Monday, 6 July 2009

The Mystery of a Speeding Heart

Capital cities I have been to, however briefly: London, Cardiff, Edinburgh, Paris, Amsterdam, Berlin, Prague, Bucharest, Sofia, Reykjavik.

That's my intro and I'm sticking to it. I may have chosen to do it to show off my travels, to paint myself as a man-of-the-world, or at least man-of-northern-and-a-little-bit-of-eastern-Europe. I may have chosen it to suggest that what comes next comes not from some country boy who has never seen a big city before and as such is too overwhelmed to really pass the comments he's about to... erm, pass. I probably did it because I just like lists.

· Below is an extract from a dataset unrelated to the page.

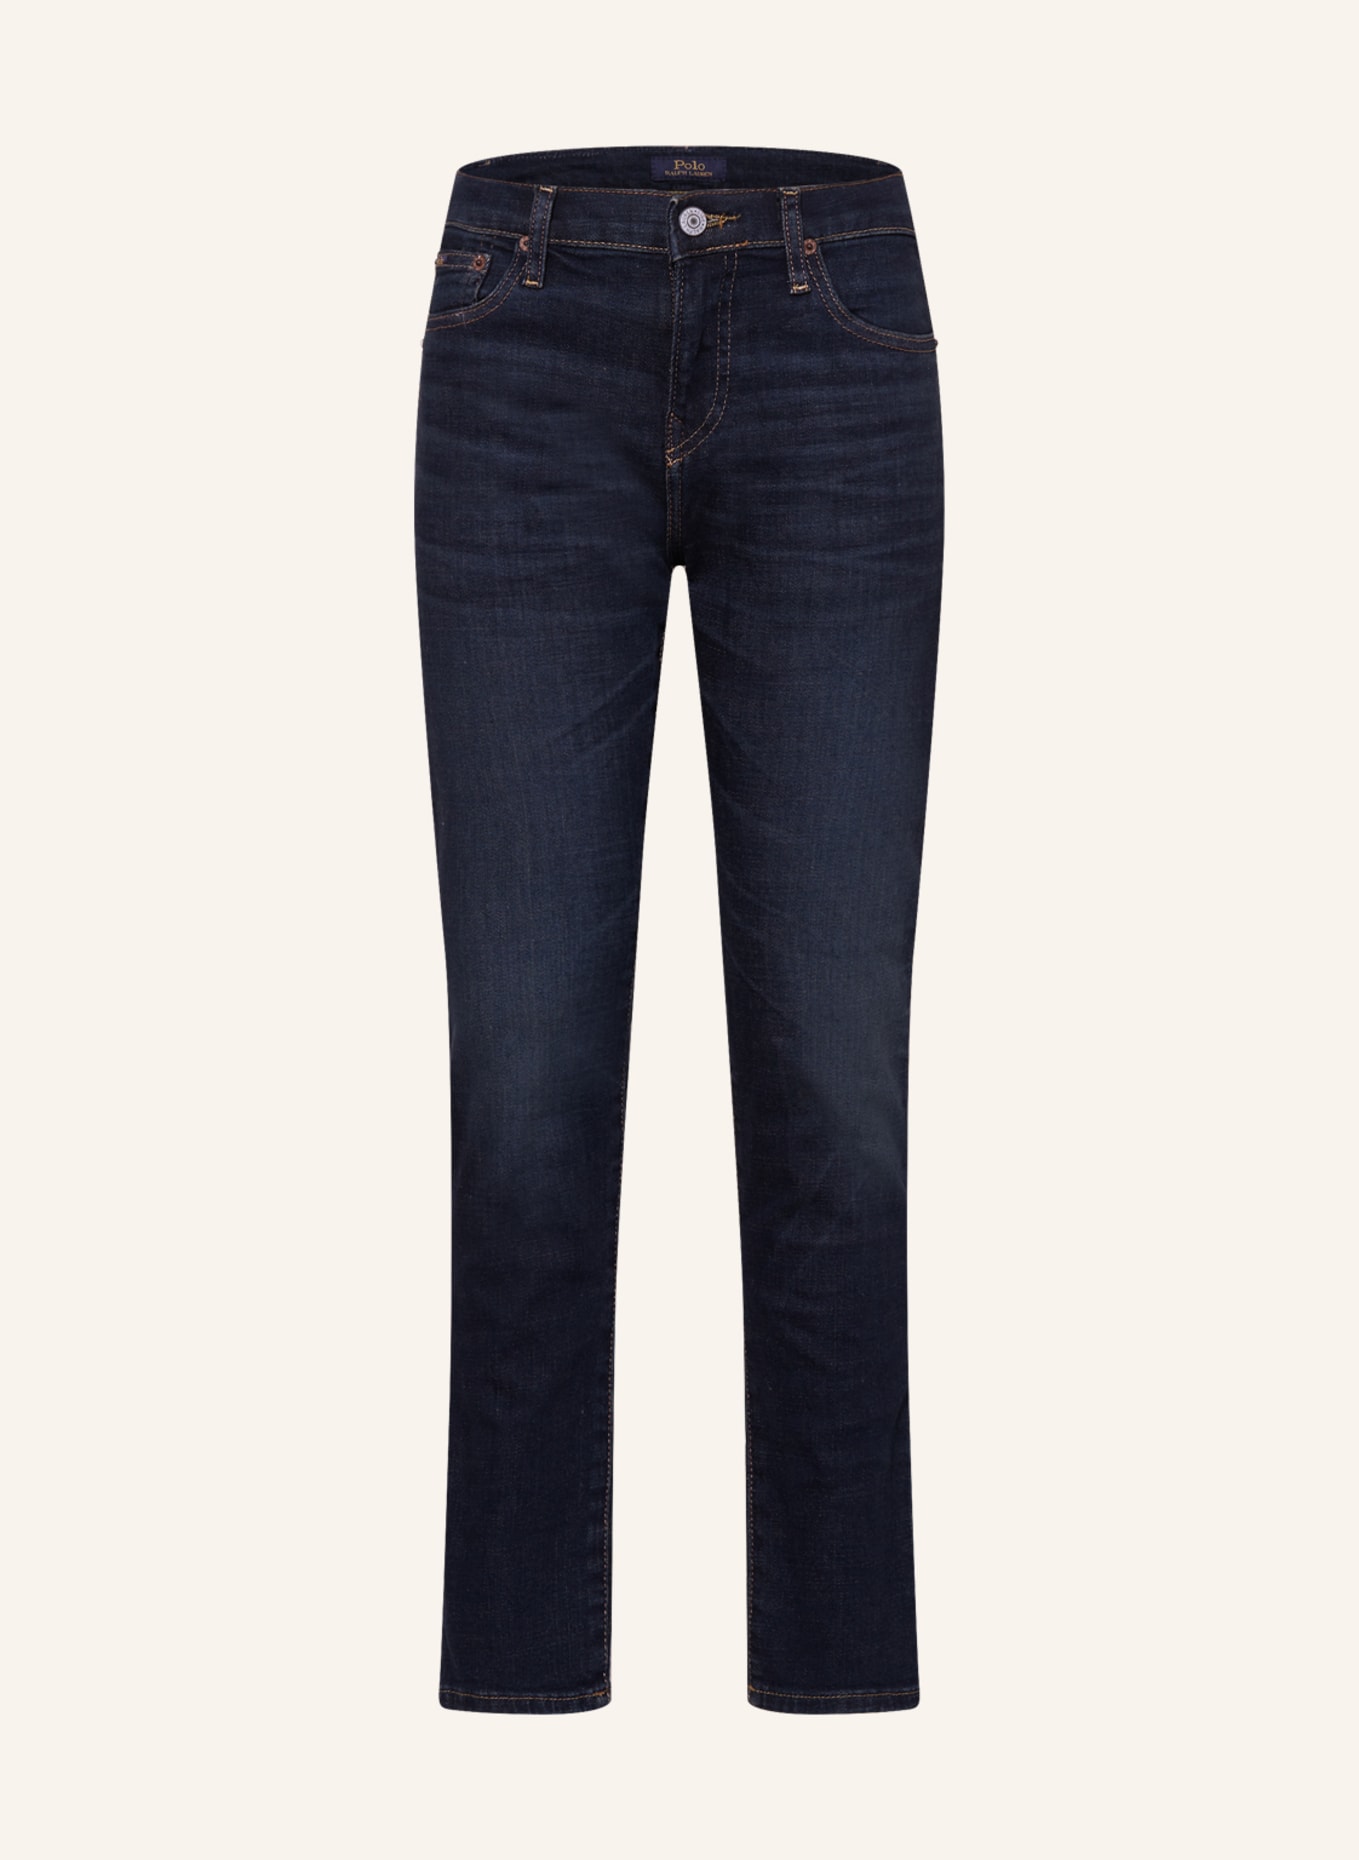 POLO RALPH LAUREN Jeans SULLIVAN Slim Fit, Farbe: 001 ADAMS WASH (Bild 1)

London. I went to London this week. Not for the first time, but you get a fresh take on a place every time you visit, same as you get a fresh take on a person every time you meet them, well, at least for the first four times, people don't have as much depth as cities. 

London is not my favourite city, but it's better than Paris, which seems to be entirely based around pouring too much salt in your dinner and worshipping a giant pylon, personally I blame the wine. London does have an incredible appeal though, and it's one that its inhabitants probably hardly ever see, one that a lot of tourists probably miss, with their maps, destinations and plans. Everyone has plans in London, everybody needs to be somewhere. It's a terrible place to be when you need to be somewhere, it's crowded and confusing, it's noisy and over complicated, it's constantly running out of time. Look into the eyes of a Londoner, they're tired and they're beaten, they have to spend hours of their days fighting for position and pushing through a crowd. Unless they work in Pret of course, where they smile, they smile the painful smile of a being with their most sensitive body parts inches from a bear trap that will snap closed if the edges of their mouth ever drop in angle. Pret a Manger is the gateway to hell, though they do make nice food.

My point. The best thing you can do in London is get lost. Have yourself a vague destination with no strict time scale for arriving there, throw away your map, and go on instinct. There is something impressive, interesting or entertaining around every corner of our capital city, and only half of it gets in the guide books. The buildings, the squares, the shops, the parks, the people, the pianos. Then if you're really lucky, you'll chance upon the river, the shores of which make up one of the most incredible sights on this earth. Nothing makes you feel more humble and more proud at the same time as what lines the Thames, I challenge you to challenge that and mean it.

Look at me, gushing hyperbole.

To sum up though, don't go to London with an agenda, and don't try and go for a night out, the place closes at 11pm, probably because everyone is tired from their agendas, if you go, get lost.

This blog is dedicated to everyone that had to wait an hour for me because I'd left my map at the hotel.